Währungsgewinne der Klägerin hätten bei ihr zu Körperschaftsteuer und zu Gewerbesteuer geführt,
während die Währungsverluste als steuerfreie Spekulationsverluste des Gesellschafter-Geschäftsführers im
Privatvermögen die Steuerlast nicht berührt hätten (vgl. BFH vom 30.11.2010 VIII R 58/07, BStBl II 2011,
491). Die tatsächlich angefallenen Währungsverluste der Klägerin mindern dagegen ihre Körperschaftsteuer
und die Gewerbesteuer, während die Währungsgewinne des Gesellschafter-Geschäftsführers in den
Streitjahren steuerfreie Spekulationsgewinne waren. Bei einer Gesamtbetrachtung konnte der
Gesellschafter-Geschäftsführer daher durch das Yen-Darlehen nur einen Vorteil erzielen, wenn der YenKurs sinkt.
34
Der Senat wertet diesen Umstand als gewichtiges Indiz dafür, dass es dem Gesellschafter-Geschäftsführer
beim Abschluss der Yen-Darlehen hierauf ankam. Letztlich ermöglicht es die Vertragsgestaltung, mit
geringem Risiko in der GmbH erzielte Gewinne steuerfrei ins Privatvermögen zu verlagern. Daraus ergibt
sich, dass der Gesellschafter-Geschäftsführer bei der Prüfung des Währungsrisikos eine gute Chance
gesehen hat, dass er persönlich einen Vorteil hat und nicht die Klägerin. Bei einer solchen Risikobewertung
aber wäre ein seriöser Fremdgeschäftsführer das Währungsrisiko nicht eingegangen. Das private Darlehen
zur Finanzierung des Mietobjekts in Deutschland verstärkt diese Indizwirkung für geplante Geschäfte zu
Lasten der Klägerin, denn hier ist der Gesellschafter-Geschäftsführer gegenüber einer Bank das Risiko
eines vollen Währungsverlustes eingegangen.
35
Dieser Bewertung steht nicht entgegen, dass der Kursverlauf des Yen auch anders hätte verlaufen können.

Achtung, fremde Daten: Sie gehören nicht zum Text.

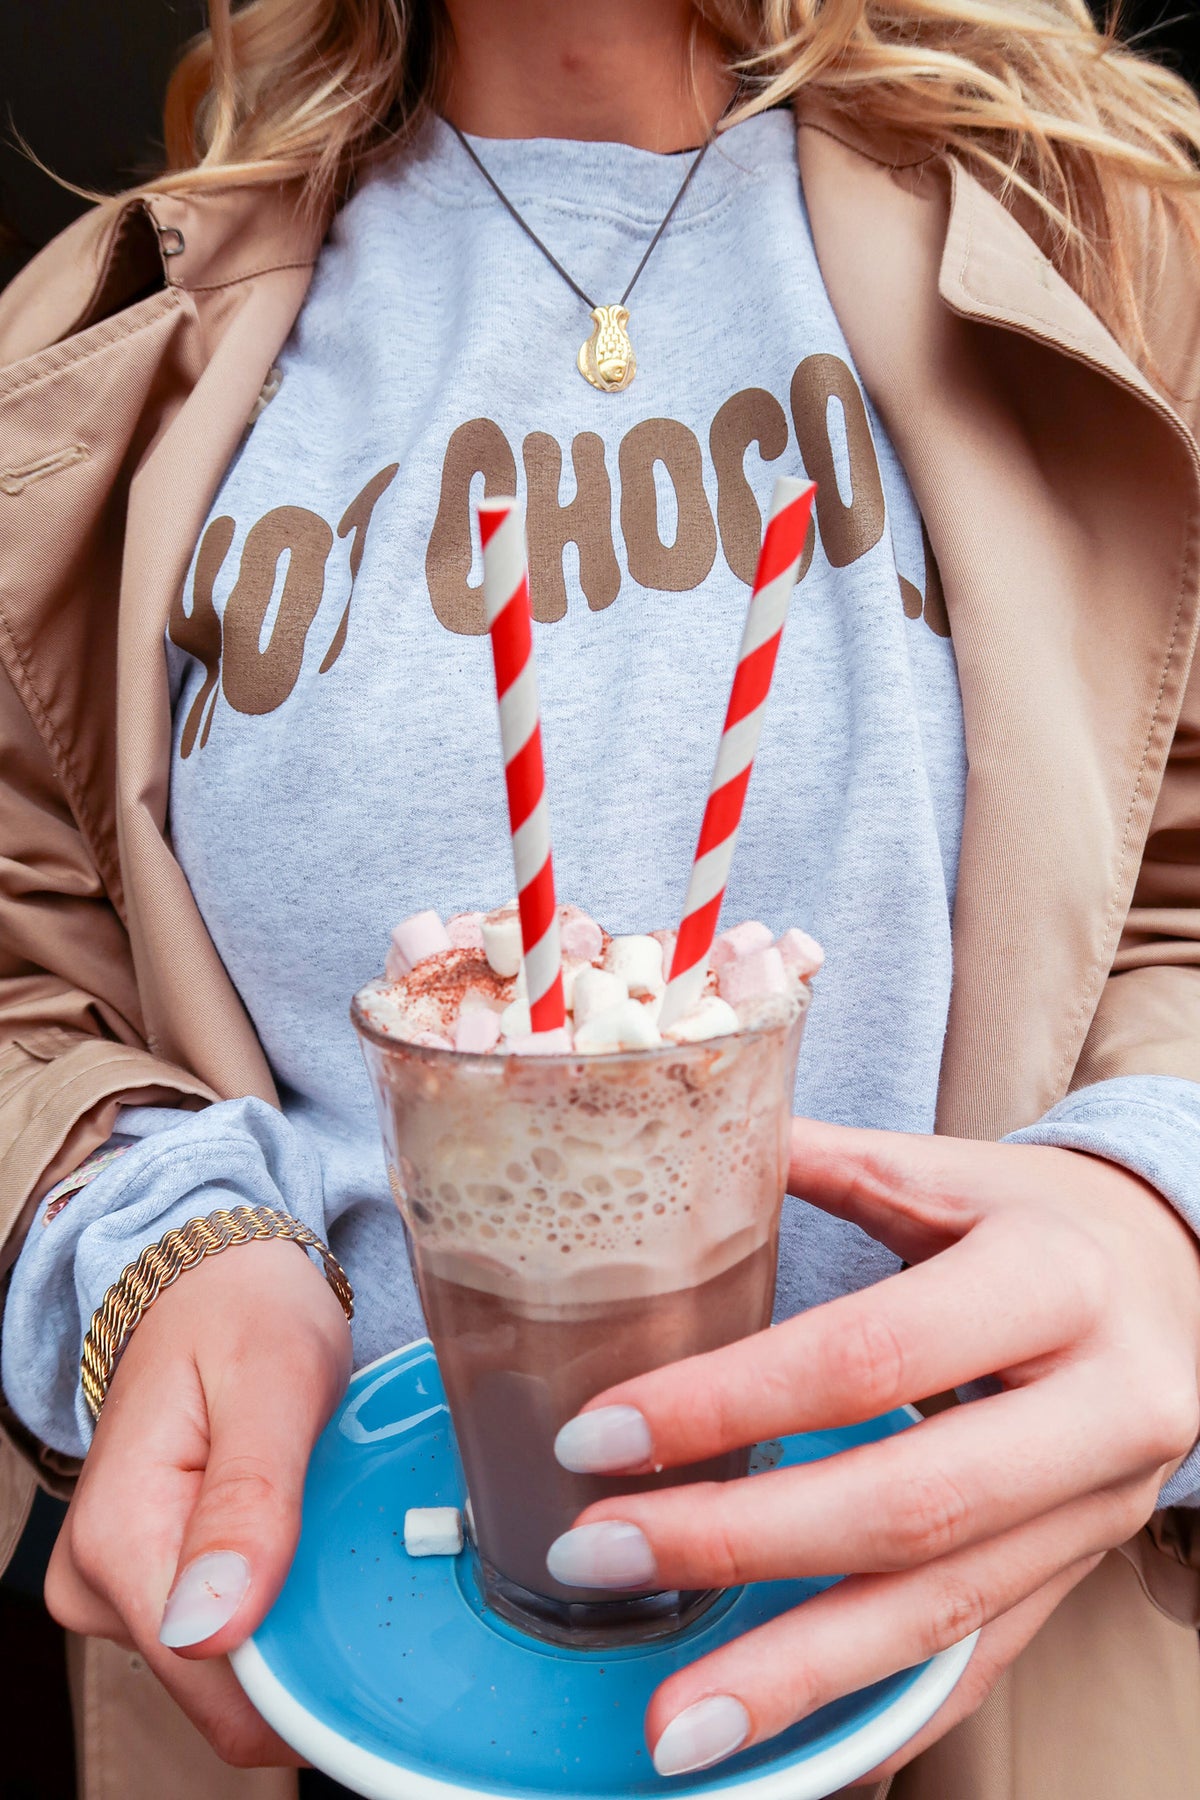 The Hot Chocolate Oversized Sweatshirt

Denn der Gesellschafter-Geschäftsführer hatte es durch die Möglichkeit, Verträge mit der Klägerin „auf
beiden Seiten“ zu unterschreiben, selbst in der Hand, ggf. durch Vertragsänderungen größere eigene
Verluste zu verhindern. Aus dem eigenen Vortrag der Klägerin zur Bonität des GesellschafterGeschäftsführers und der Bankbescheinigung vom ….. ergibt sich, dass Rückzahlungen jederzeit jedenfalls
kurzfristig finanzierbar waren. Die Möglichkeit, solche Vertragsänderungen plausibel beim FA vortragen zu
können, hat die Klägerin zudem bereits vorbeugend durch die Darlehensvertragsklausel geschaffen, dass
die Verträge stets einvernehmlich geändert werden können. Zudem kam es – wie die
Gesellschafterversammlungsprotokolle dokumentieren – auch tatsächlich zu vorzeitigen
Darlehensauflösungen.
36
Hilfsweise weist der Senat darauf hin, dass ein Indiz für verdeckte Gewinnausschüttungen auch dann
vorläge, wenn man annähme, der Gesellschafter-Geschäftsführer wäre im Rahmen der Risikoprüfung zum
Ergebnis gekommen, es läge ein gutes Geschäft für die Klägerin und ein schlechtes für ihn persönlich vor
(vgl. BFH-Urteil vom 19.5.1998 I R 36/97, BStBl II 1998, 689).
37
d) Als weiteres Indiz für die gesellschaftsrechtliche Motivation der Darlehensvergabe in Yen wertet der
Senat den Umstand, dass die Klägerin die Yen-Darlehen getätigt hat, ohne über die Börse
Sicherungsgeschäfte (Spekulation auf fallenden Yen) abzuschließen. Derartige Absicherungen sind im
Geschäftsleben bei Währungsgeschäften von Firmen mit Auslandsbeziehung zweckmäßig. Allerdings
wären durch Sicherungsgeschäfte über die Börsengeschäfte zusätzliche Kosten angefallen. Der Umstand,
dass der Geschäftsführer auf eine solche Absicherung verzichtet hat, ist ein weiteres Indiz, dass er die
Verluste der Klägerin gezielt in Kauf nahm, d.h. ihm als „Absicherung“ seine privaten Gewinne genügten.
38
3. Da die Klägerin die Darlehen in Yen aus gesellschaftsrechtlichen Gründen vergeben hat, liegt auch eine
verdeckte Gewinnausschüttung durch die Vereinbarung von Zinsen in einer bei Yen-Darlehen üblichen
Höhe vor. Bei einer Vergabe der Darlehen in Euro wäre der niedrige Zinssatz nicht in Betracht gekommen.